A common counterstain is hematoxylin, which stains cell nuclei a deep blue-purple color. When applied to frozen tissue, the dye molecules dissolve into the neutral lipids, forming a lipid-dye complex that appears as a distinct red-orange color within the cells.
Essential Wash Steps for Oil Red O Staining Protocol
Fresh tissues should be snap-frozen in optimal cutting temperature compound and stored at low temperatures until sectioning. The ability to accurately identify and measure intracellular fat accumulation makes this protocol an indispensable tool for biomedical scientists and pathologists alike.
The differentiation between neutral lipids and other lipid types is essential for accurate interpretation of the results. This quantitative data is vital for assessing the severity of conditions like non-alcoholic fatty liver disease (NAFLD) and for evaluating the efficacy of therapeutic interventions aimed at reducing lipid accumulation.

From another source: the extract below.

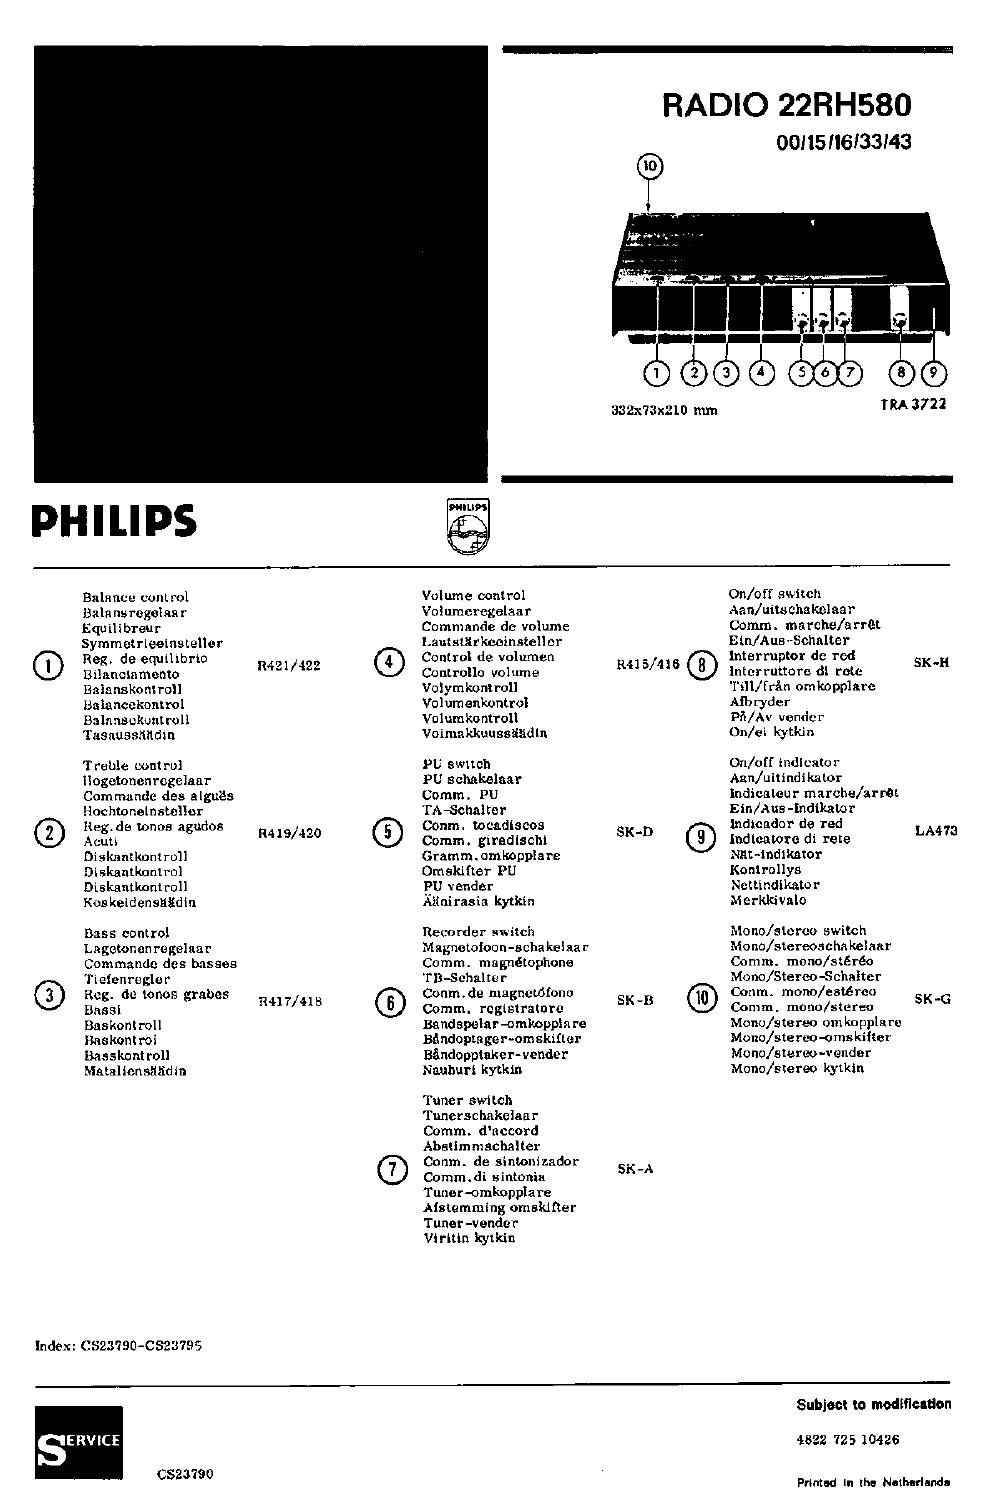 philips 22 rh 580 schematic

Essential Wash Steps for Oil Red O Staining Protocol
It is critical to understand that this technique specifically targets neutral fats, including triglycerides and cholesterol esters, while leaving other cellular components unstained. Oil Red O is a lysochrome (fat-soluble dye) that is soluble in organic solvents such as propylene glycol and isopropanol.
More About Oil red o staining
Looking at Oil red o staining from another angle can help expand the discussion and give readers a second clear paragraph under the same section.
More perspective on Oil red o staining can make the topic easier to follow by connecting earlier points with a few simple takeaways.